A few weeks after these three Republicans had lunch, the Independent Counsel Panel fired Fiske and named Kenneth W. Starr to replace him. Judge Sentelle's decision to remove Fiske was backed by the other conservative Republican on the three-man panel, Judge Joseph T. Sneed. The move took the Clinton administration completely by surprise. Judge Sentelle later said that his luncheon with Faircloth and Helms had been dominated by talk about Western wear and old friends. "To the best of my recollection," Sentelle claimed, "nothing in these discussions concerned independent-counsel matters." In 1990 Judge Sentelle had helped overturn the conviction of Oliver North. Sentelle often attended meetings of the Federalist Society, as did Kenneth W. Starr.
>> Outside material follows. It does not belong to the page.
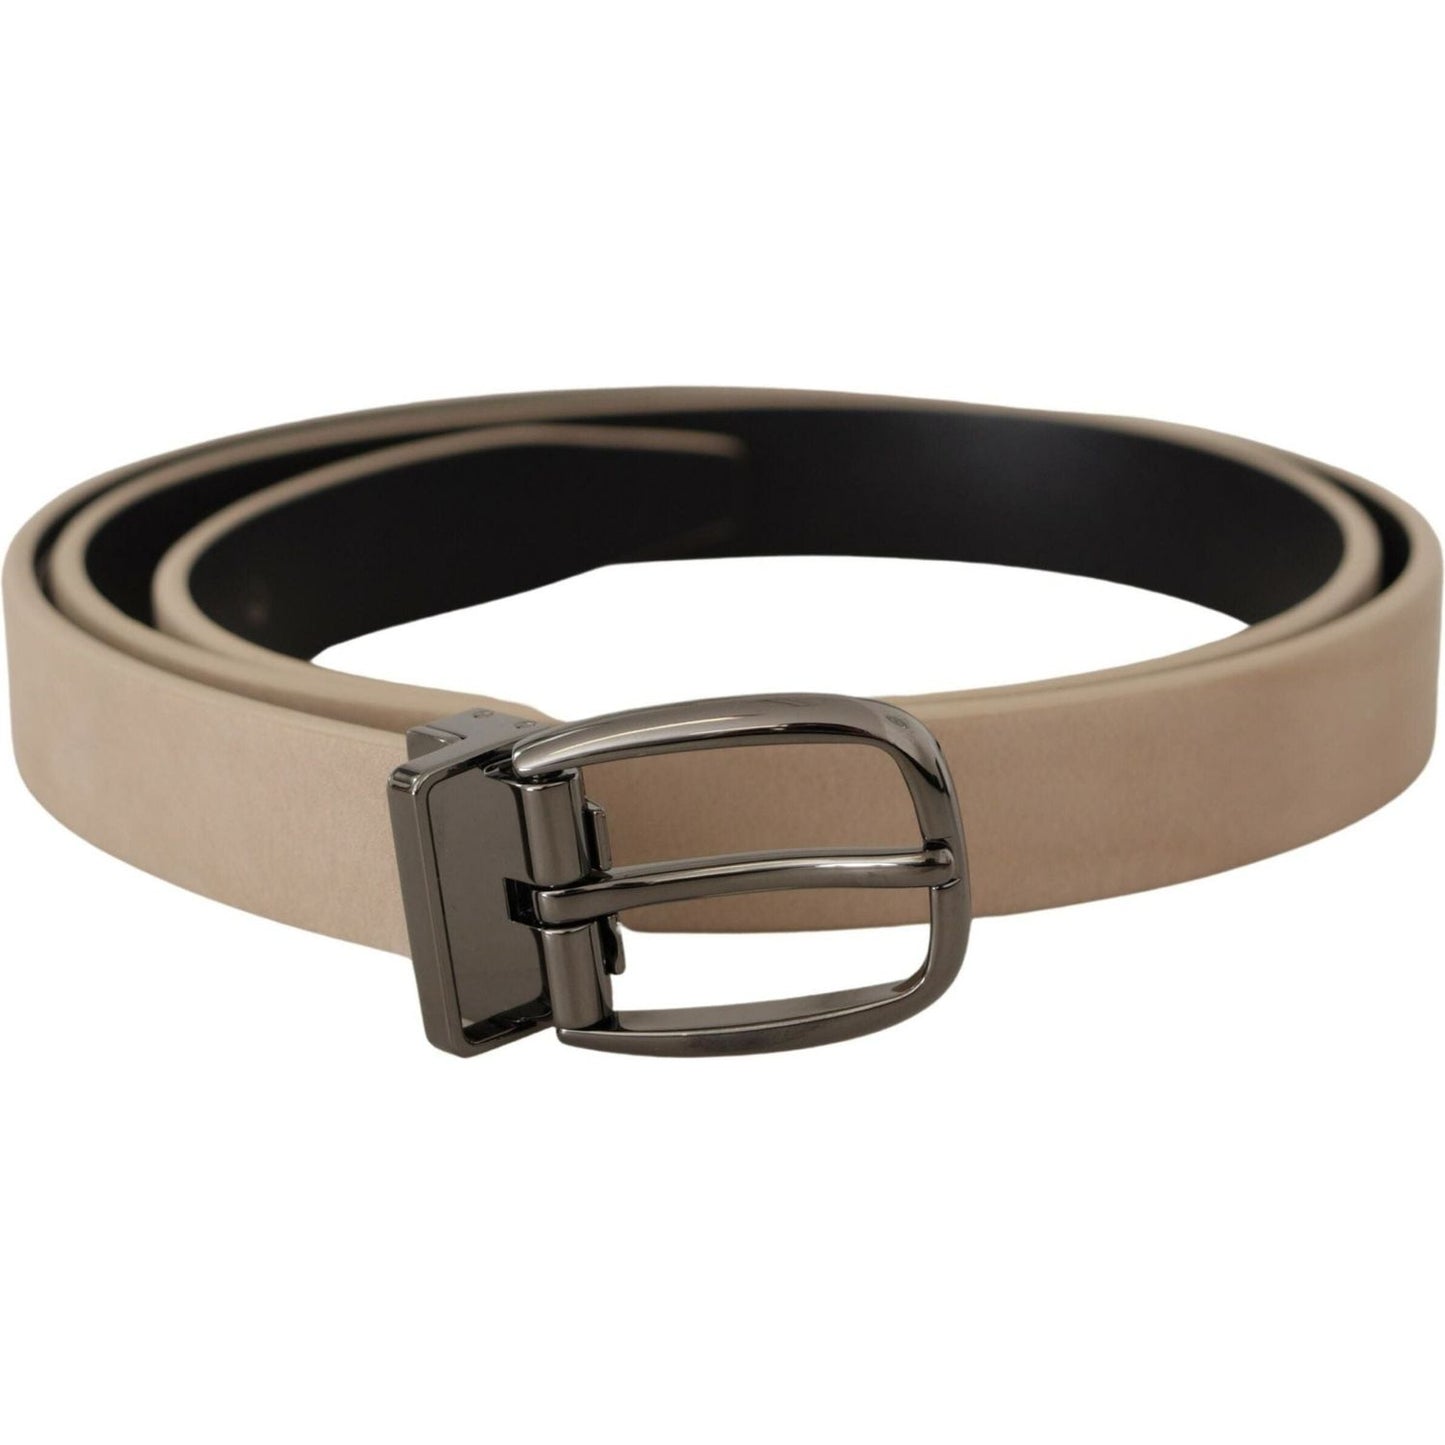 Elegant Beige Leather Belt with Silver Tone Buckle

Previous independent counsels investigating the president have either resigned from their law firms or taken a leave of absence to prevent the slightest appearance of any conflict of interest. Kenneth W. Starr, on the other hand, continued to represent clients for his firm, Kirkland and Ellis, while serving as independent counsel, earning more than $1 million a year in legal fees and privately working closely with groups that vehemently oppose the Clinton administration – such as the tobacco industry, the Landmark Legal Foundation (financed by Scaife) and the Institute for Justice (financed by Scaife). Starr continued to serve on the advisory board of the Washington Legal Foundation (also financed by Scaife), which had called for Fiske's resignation. Prior to the current scandal, one of Starr's most overtly partisan acts in office was the issuing of a subpoena to Hillary Rodham Clinton. Starr had already interviewed the first lady several times at the White House. In January 1996, however, Starr demanded that she testify about the Whitewater scandal before a grand jury, an unprecedented move. Hillary Rodham Clinton's subpoena gained an enormous amount of publicity – no other first lady had ever been called before a grand jury – but it did not lead to an indictment. The independent counsel's subpoena was issued a few days before President Clinton's 1996 State of the Union address.
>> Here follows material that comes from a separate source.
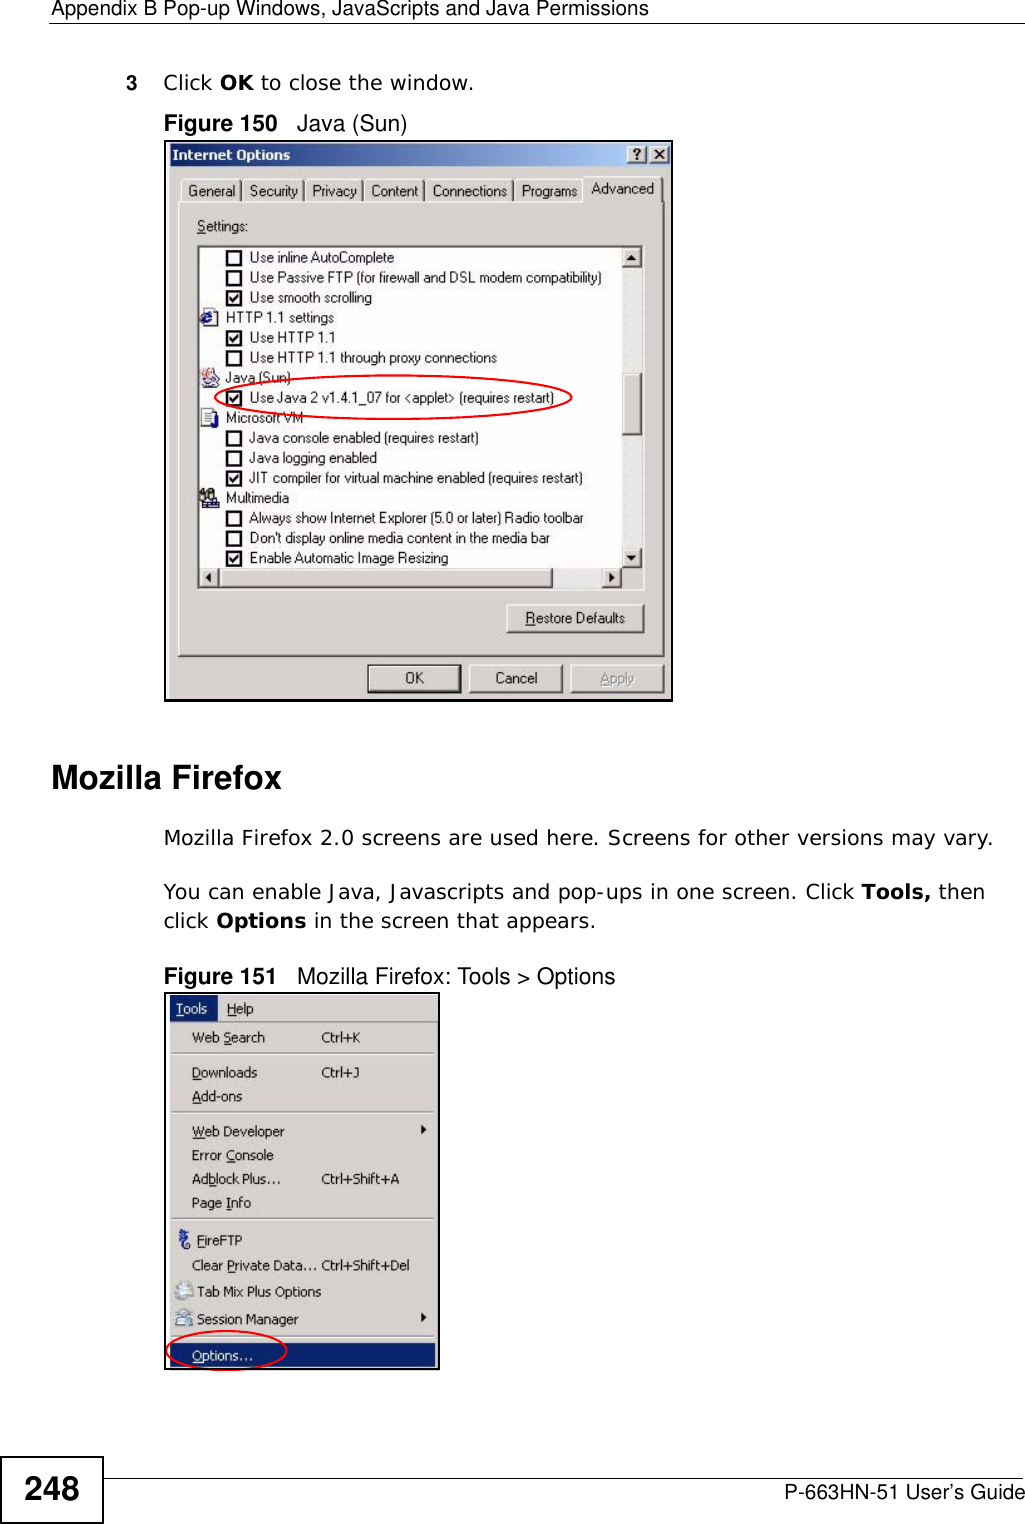 Appendix B Pop-up Windows, JavaScripts and Java PermissionsP-663HN-51 User’s Guide2483Click OK to close the window.Figure 150   Java (Sun)Mozilla FirefoxMozilla Firefox 2.0 screens are used here. Screens for other versions may vary. You can enable Java, Javascripts and pop-ups in one screen. Click Tools, then click Options in the screen that appears.Figure 151   Mozilla Firefox: Tools &gt; Options

Kenneth starr's behavior in recent months has also set a number of unfortunate precedents. Starr is the first independent counsel ever to use a hidden microphone during an investigation of the president; he is also the first to threaten a president's alleged mistress with prosecution for failure to discuss her sex life. And he is the first to threaten the mother of an alleged presidential mistress.
Starr's decision to have Linda Tripp make secret recordings of her "friend" and his subsequent attempt to make Lewinsky tape the president have been defended as routine prosecutorial tactics. There is some truth to that argument. The number of federal wiretaps each year has more than doubled since Bill Clinton took office. Friends and family members are often forced to collect evidence on one another in federal drug cases. It is remarkable, however, that an independent counsel would contemplate a "sting" operation against the president of the United States in order to investigate sexual acts.